Task →
Beginning with the line that contains "其中上海银行,杭州银行,长沙银行,平均薪酬同比下降都达到10%以上", print each line to the end of the data exactly. Omit the pictures.

Data provided →
------------------------------------------------------------

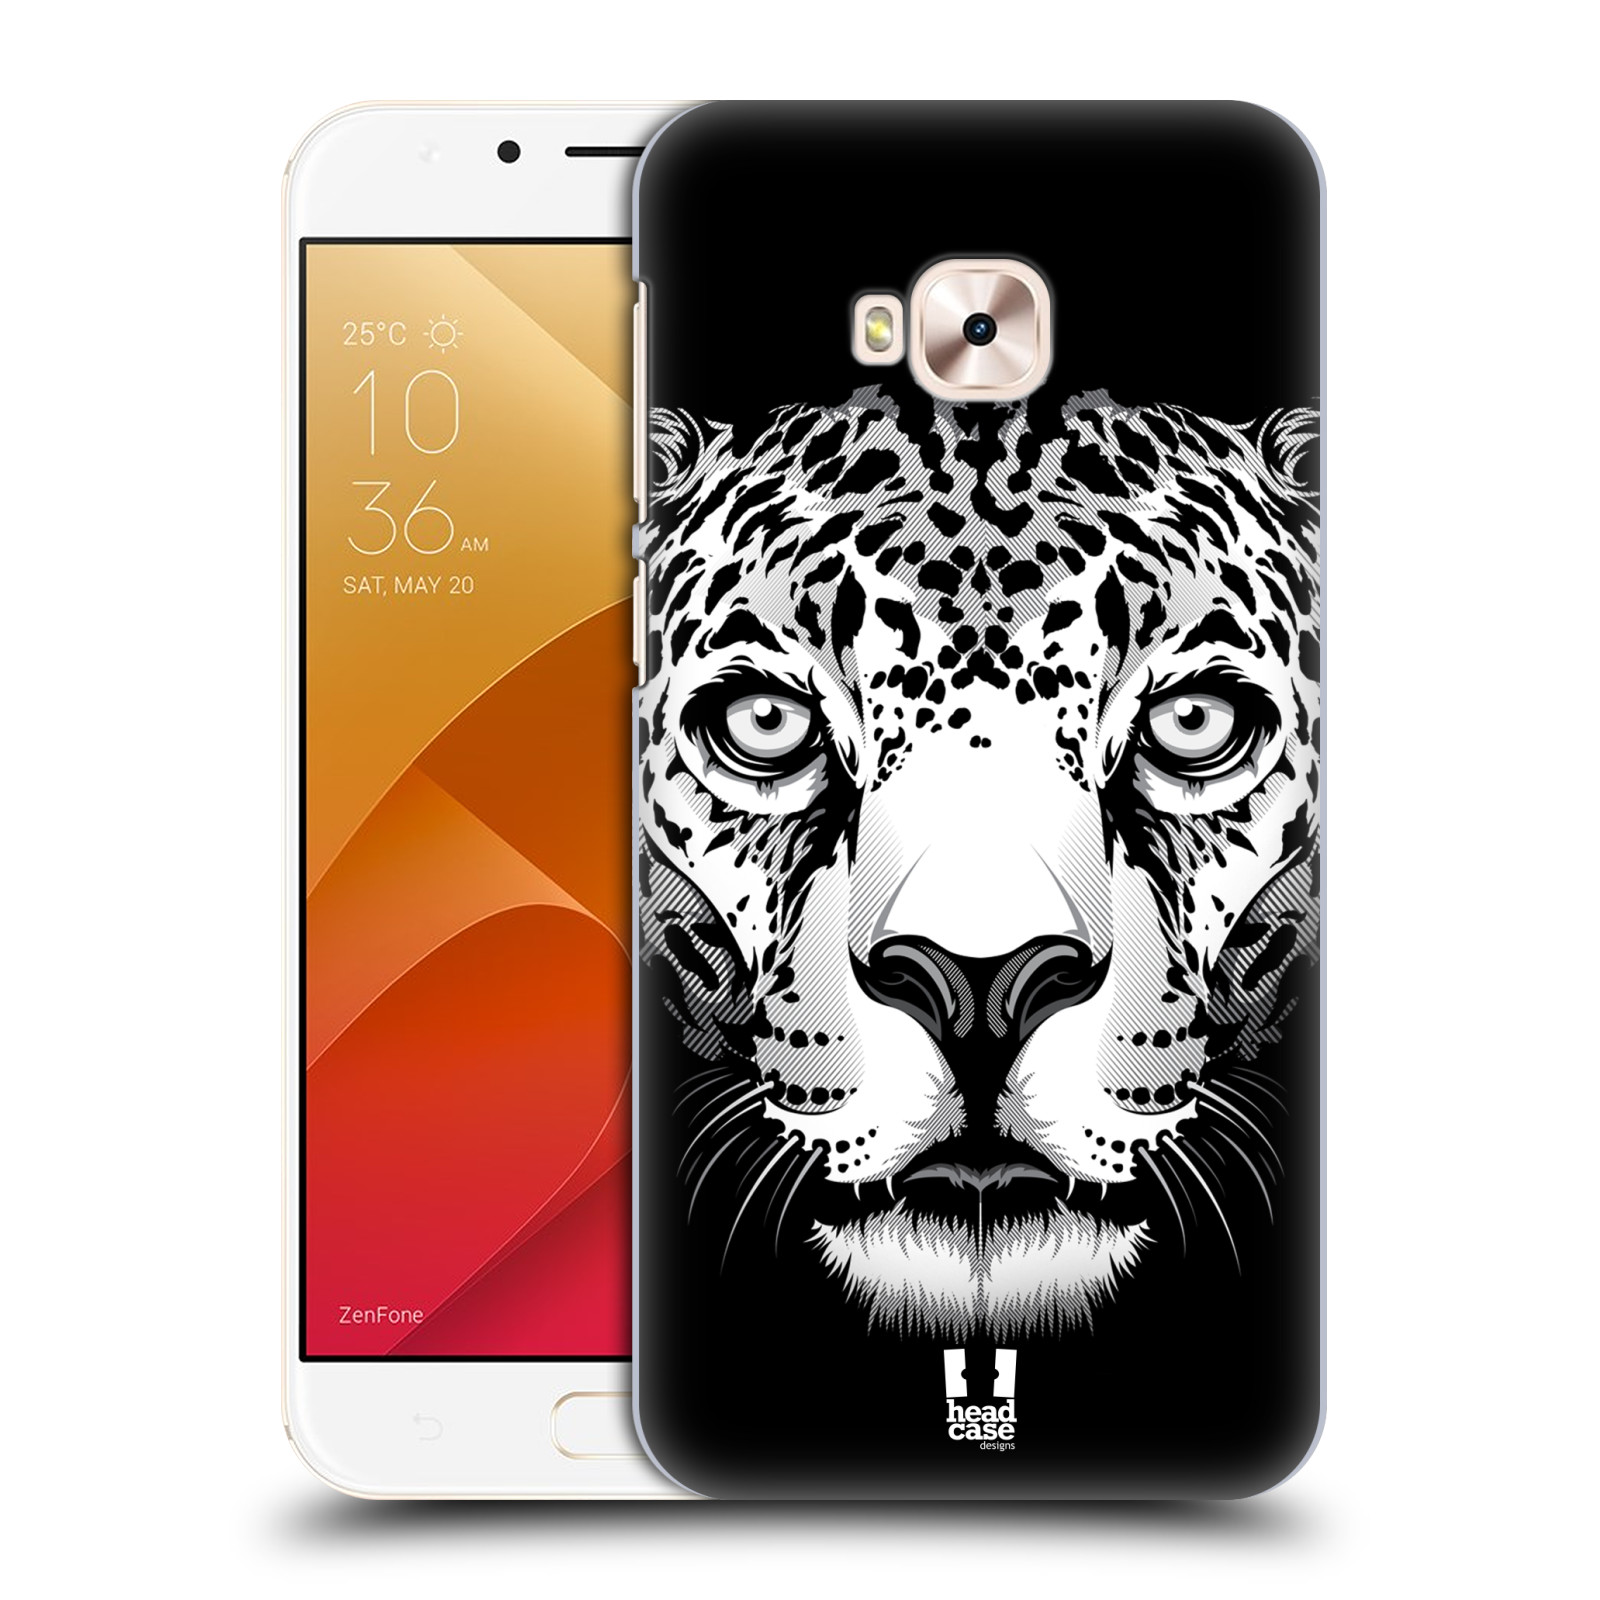 HEAD CASE plastový obal na mobil Asus Zenfone 4 Selfie Pro ZD552KL vzor Zvíře kreslená tvář leopard
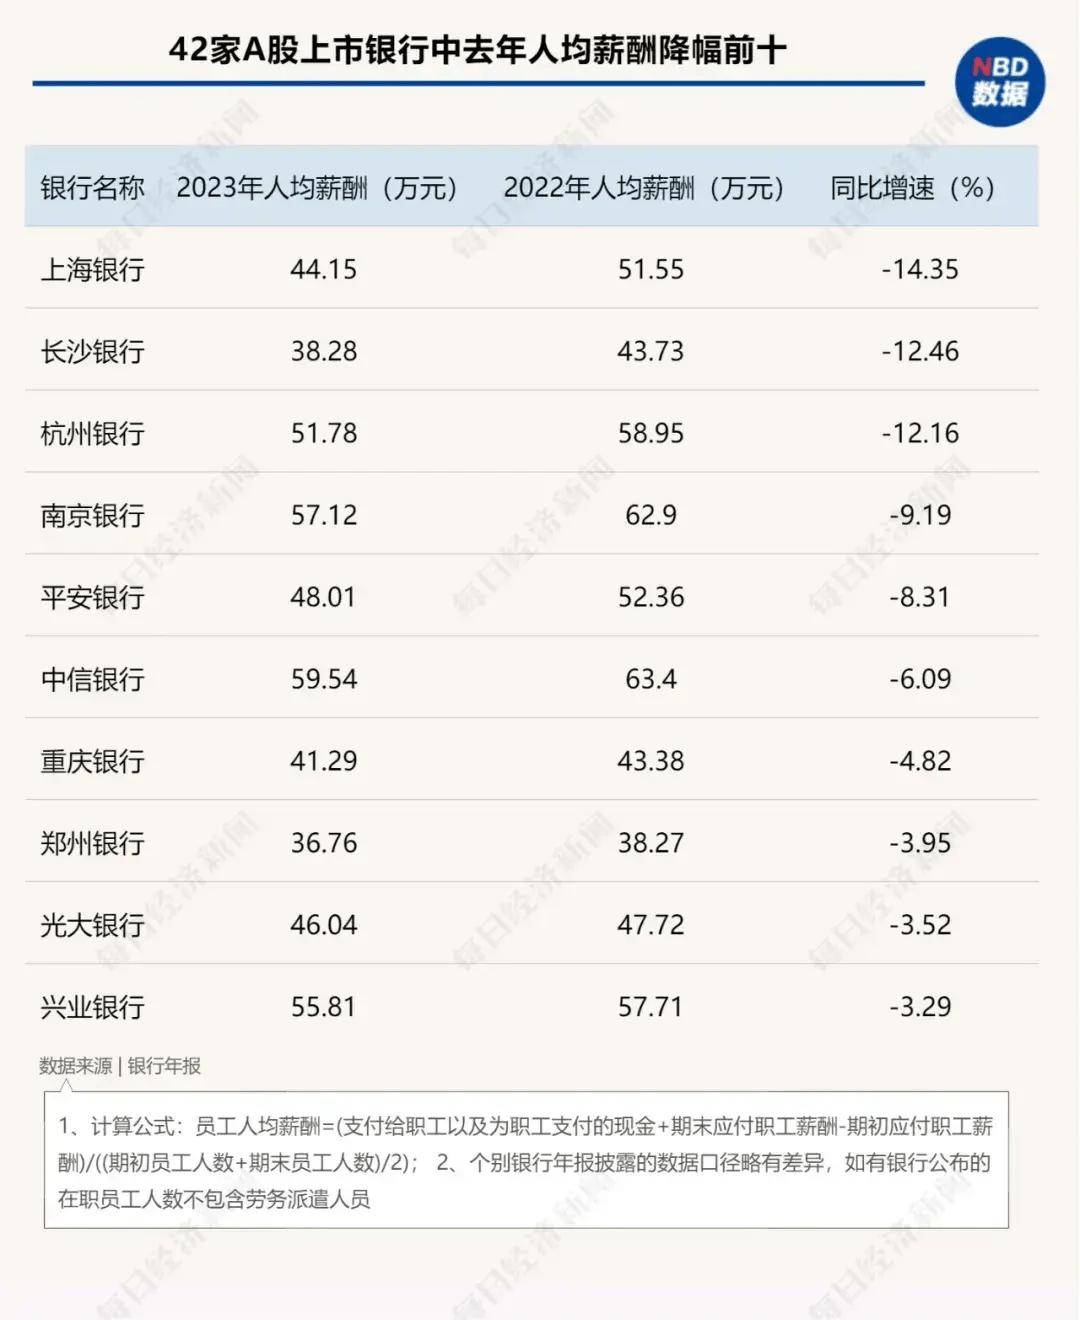 其中上海银行,杭州银行,长沙银行,平均薪酬同比下降都达到10%以上
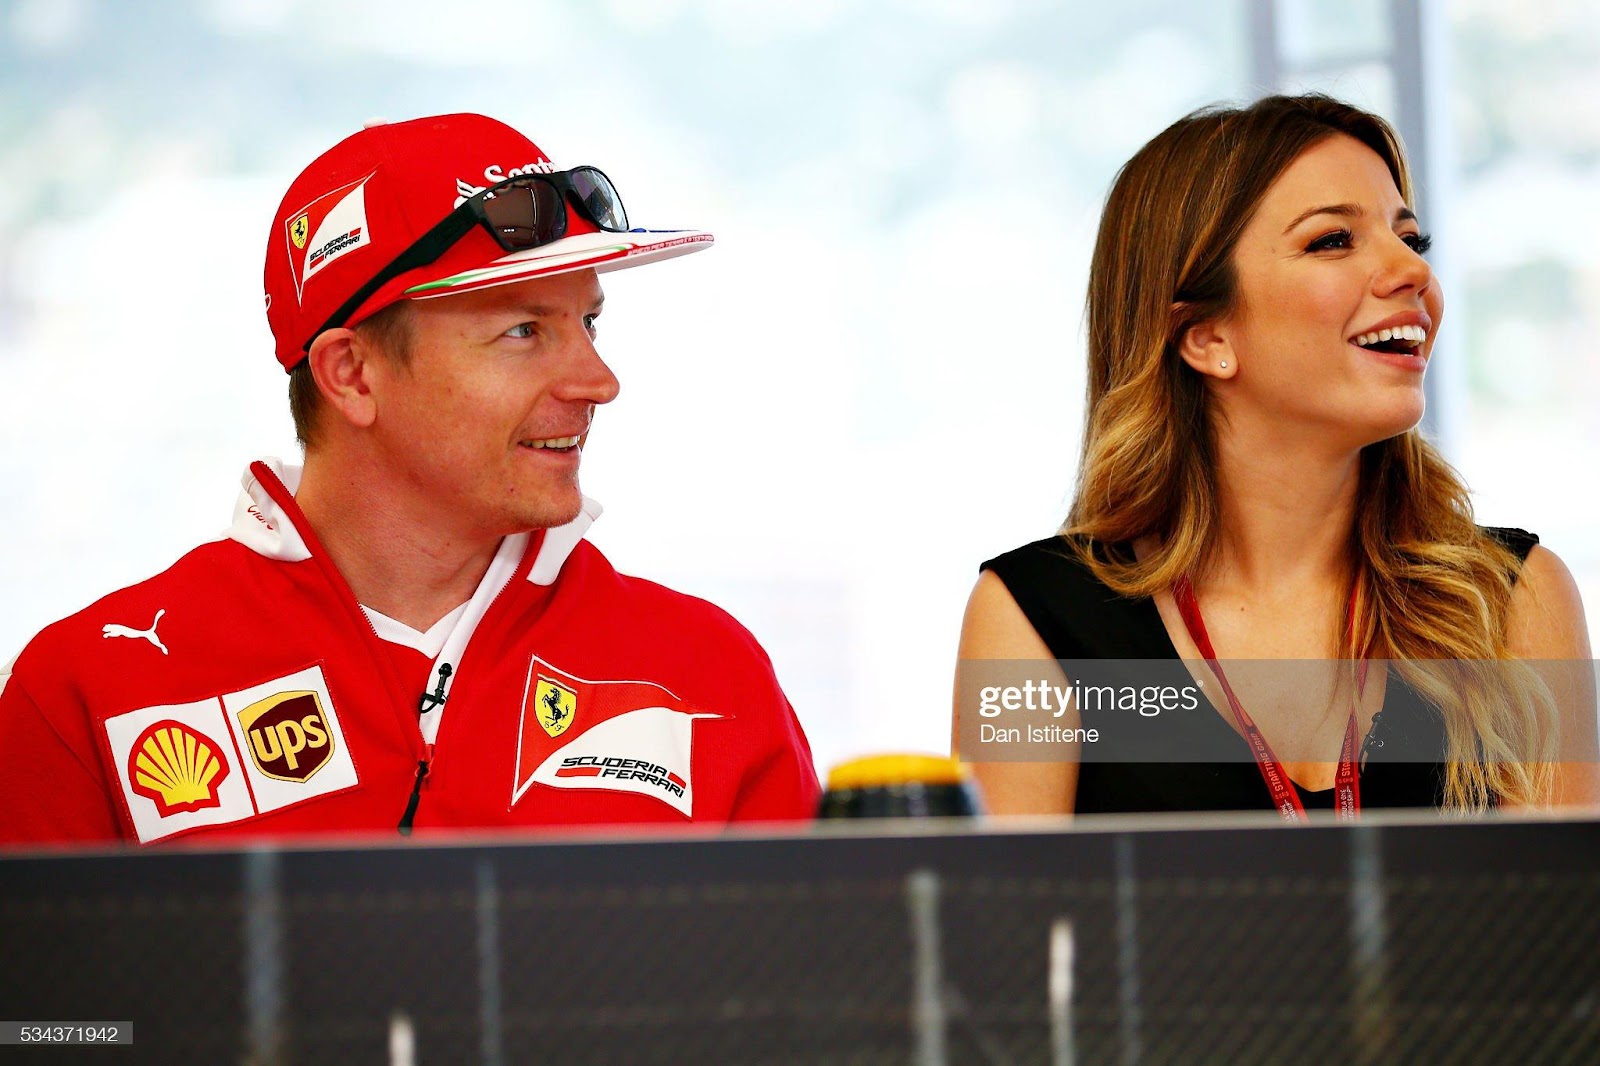 Kimi Raikkonen, Ferrari, with Federica Masolin, Sky F1 Italy, at the Shell F1 quiz during the F1 Grand Prix of Monaco at Circuit de Monaco on May 27, 2016 in Monte-Carlo.

------------------------------------------------------------

Written answer →
 其中上海银行,杭州银行,长沙银行,平均薪酬同比下降都达到10%以上
 Kimi Raikkonen, Ferrari, with Federica Masolin, Sky F1 Italy, at the Shell F1 quiz during the F1 Grand Prix of Monaco at Circuit de Monaco on May 27, 2016 in Monte-Carlo.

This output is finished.